Автор работы: Пользователь скрыл имя, 27 Ноября 2012 в 04:48, монография
Текст воспроизводится по изданию: Косиков Г.К. Два пути французского постромантизма: символисты и Лотреамон // Поэзия французского символизма. Лотреамон. Песни Мальдорора / Составление, общая редакция, вступительная статья Г. К. Косикова. – М.: Изд-во МГУ, 1993. – С. 5-62. Номера страниц указаны в квадратных скобках.
Такова в кратких чертах философия
символа, сложившаяся в Германии
в романтическую эпоху и
(…)
Впрочем, ни антропоморфизм, ни пантеизм, ни обычная религиозность, ни мистицизм, ни оккультизм не являются обязательной принадлежностью символистского мироощущения. Символизм может быть безрелигиозным или даже антирелигиозным, о чем свидетельствует творчество четырех крупнейших поэтов XIX в., составивших славу французского символизма, – Бодлера, Верлена, Рембо и Малларме. Первый из них (Бодлер), взыскуя Бога, эстетическое наслаждение извлекал более из собственного “сатанизма”, второй (Верлен) нашел утешение (хотя и не успокоение) в вере слишком поздно, третий (Рембо) был “богоотступником”, а четвертый (Малларме) – вообще атеистом.
У мира есть смысл (совсем не обязательно сверхъестественный “замысел”), и человек к этому смыслу причастен, – вот миросозерцательное зерно, из которого способна вырасти символистская литература или, по крайней мере, символистские мотивы в творчестве того или иного поэта.
Именно таким поэтом был Шарль Бодлер (1821-1867), чьи “Цветы зла” (1857) ясно показывают, как внутренняя логика переживаний поэта-романтика закономерно приводит к символизму.
(…)
С точки зрения формирования собственно символистской поэтики важнее всего, однако, знаменитые бодлеровские “соответствия”. Подключенность всех вещей к первоначалам вселенской жизни приводит к тому, что они начинают “перекликаться” (“Перекликаются звук, запах, форма, цвет, // Глубокий темный смысл обретшие в слиянье...” – пер. В. Левика) и, движимые смутным чувством взаимной “симпатии”, устремляются навстречу друг другу. Привычный, устойчивый мир медленно и незаметно преображается, обретает подвижность: звуки и запахи окрашиваются, цвета приобретают музыкальное звучание, и все они вовлекаются в общий хоровод взаимопревращений, требуя, чтобы их уловили в едином и мгновенном акте восприятия, как в стихотворении “Вся целиком” (“Магическое претворенье // Всех чувств моих в единый лад...” – пер. И. Лихачева), где Бодлер явно противостоит барочной (впрочем, восходящей еще к Петрарке) традиции, требовавшей, чтобы каждая “прелесть” женского тела была описана (и тщательно выписана) по отдельности.

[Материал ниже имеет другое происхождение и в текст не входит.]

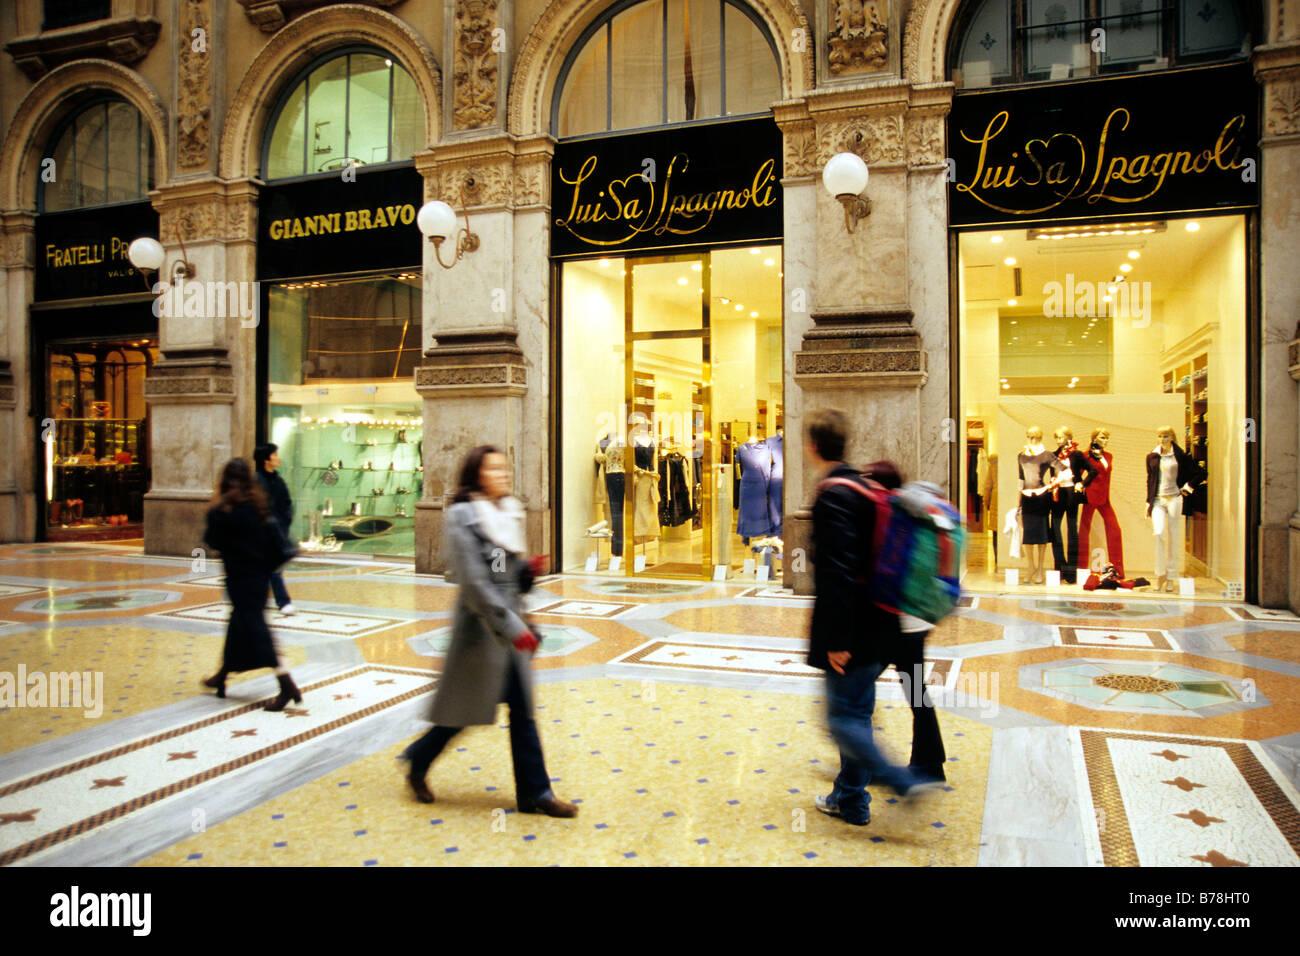 Galleria Vittorio Emanuele Ii Il Salotto Exclusive Gallery Shop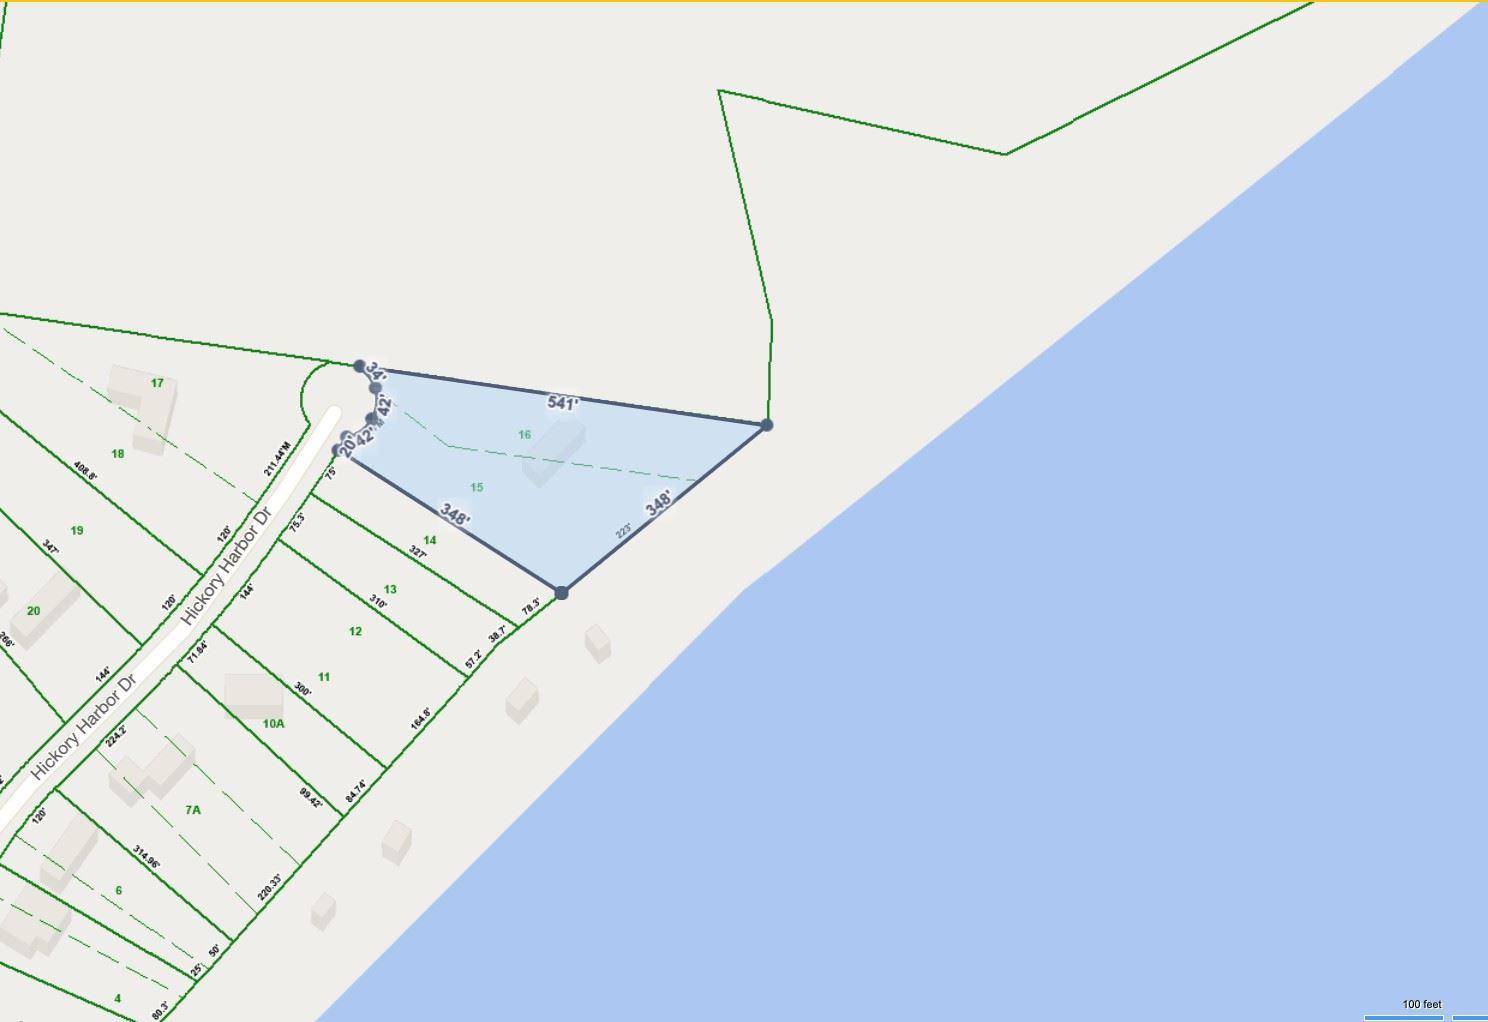 Photo of 1094 Hickory Harbor Dr, Gallatin, TN 37066 (MLS # 2153179)

Будучи “одушевленной”, бодлеровская природа умеет разговаривать на языке символов-соответствий (“природа – это Глагол”), причем, благодаря тому что душа самого поэта находится в тайном сродстве с “душою вещей”, он слышит и понимает их голос потому, что “весь мир ему открыт, и внятен тот язык, // Которым говорит цветок и вещь немая” (пер. В. Шора), потому что щедро наделен особым даром, называемым воображением, которое, претворяя непосредственные данные чувственных восприятий, как раз и позволяет проникать в сокровенный смысл мира, в области, недоступные для рационального познания. Познание средствами искусства имеет особую природу, это “магическая ворожба”, причем, в отличие, скажем, от Нерваля, которому хотелось вызвать из недр бытия некие стихийные, неуправляемые силы, выпустить на [17-18] волю случайность, бодлеровская речевая магия требует “математически точных”, абсолютно выверенных словесных жестов, способных привести к заранее рассчитанным результатам. Бодлеровский поэт, этот странный ведун-математик, умеющий вызывать вещи на откровенность, тем самым становится и их “толмачом”: он переводит невнятное для большинства смертных бормотание природы на ясный и отточенный язык искусства, а раз так, раз роль поэта сводится к роли привилегированного посредника между природой и остальными людьми, его творчество и не может быть выражением “безудержного произвола” и самодержавной субъективности: его задача вовсе не в том, чтобы привлечь внимание оригинальностью или даже экстравагантностью собственного “я”, а в том, чтобы истово и напряженно вслушаться в голос мироздания, которое само “выговорит” нужные образы (“сравнения, метафоры и эпитеты черпаются из неисчерпаемой сокровищницы вселенской аналогии, потому что больше их неоткуда почерпнуть”). Сама “сущность мира” говорит языком искусства, становится с его помощью зримой, слышной, доступной. Понятие же “сущность” упраздняет всякую случайность: “В искусстве нет случайности”, поэзия символов призвана ее преодолеть – причина, по которой, между прочим, Бодлер с таким недоверием относился к бесхитростному выражению страстей, к спонтанному, но смутному “вдохновению”, сознательно культивируя “логику и анализ” в поэзии, продуманное мастерство, виртуозную искусность и строгую форму (недаром его излюбленный жанр – сонет).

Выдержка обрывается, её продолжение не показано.